Через несколько дней Великовский получил большое письмо от Эйнштейна, написанное им собственноручно. Письмо содержало критические замечания по поводу пяти глав «Земли в переворотах». Несколько абзацев были посвящены письмам, прочитанным им в тот вечер. Эйнштейн писал, что Шапли можно понять, хотя его нельзя простить. И тут же, противореча самому себе, он писал: «Однако, следует отдать ему должное — на политической арене он вел себя мужественно и независимо…» Поэтому, мол, в какой-то мере будет справедливо, «если мы накинем на него мантию еврейского сострадания, как это ни трудно». Однако он не отказывался от мысли, что имеющиеся у Великовского документы должны быть оформлены в книгу.
Во время следующей встречи после обсуждения проблем, связанных с «Землей в переворотах», Эйнштейн решил продолжить разговор, касающийся Шапли, но тут же деликатно прекратил, видя, как болезненно Великовский реагирует на эту тему.
Именно деликатность хозяина удерживала Великовского от откровенного разговора.
Эйнштейну — 75 лет.
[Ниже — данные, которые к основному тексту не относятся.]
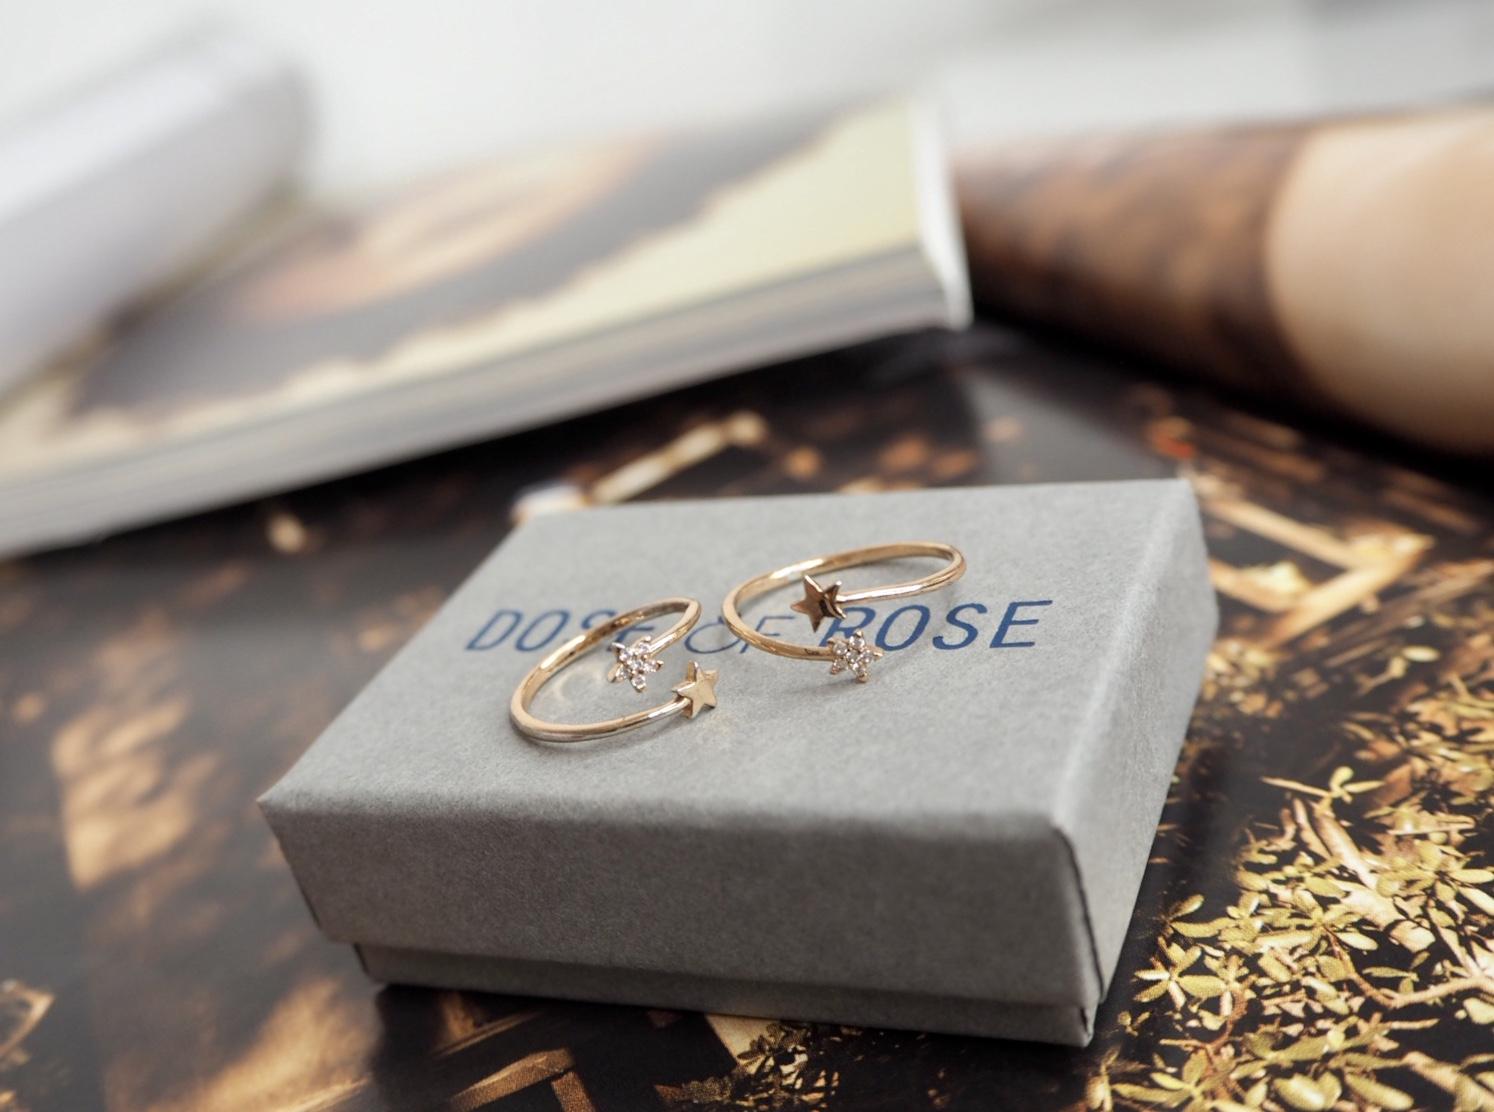 Dose of rose tiny star ring set

В этом возрасте трудно, если вообще возможно, изменить мировоззрение. То, что мог рассказать Великовский, безусловно ущемит чувства доброго и порядочного человека, такого одинокого и легко ранимого.
Возвращаясь ночью домой, Великовский упорно думал, почему Эйнштейна так глубоко задела эта проблема. Дело не только в хорошем отношении и в интересе к нему.
Эйнштейн не случайно препарирует поведение Шапли. Что-то скрытое от самого себя пытается выяснить старый ученый, что-то касающееся лагеря либералов, к которому он принадлежит и к которому не принадлежит Великовский. несмотря на гуманизм, пропитавший его до мозга костей.
Поэтому через несколько недель в письме, обсуждающем научные проблемы, Великовский принял вызов Эйнштейна и написал: «Очень рано вы накинули на Шапли мантию еврейского сострадания: вы видели только начало подшивки документов, относящихся к „Звездочетам и гробокопателям“ и к их лидеру. То, что он либерал, не извиняет, а усугубляет его вину».
Они встретились через несколько дней. Эйнштейн начал разговор именно с этой фразы:
— Великовский, что у вас на душе? Что вы боитесь рассказать, чтобы не ущемить старика?
Великовский улыбнулся, дав этим понять, что Эйнштейн не ошибся в мотивах ухода от нежелаемой темы.
— Хорошо. Я расскажу. Но сперва о мантии нашего еврейского сострадания и любви к ближнему. Не стану касаться истории, напоминать вам, как Саул пощадил царя амалекитов, злейших врагов евреев, и как это милосердие отразилось на судьбе нашего народа.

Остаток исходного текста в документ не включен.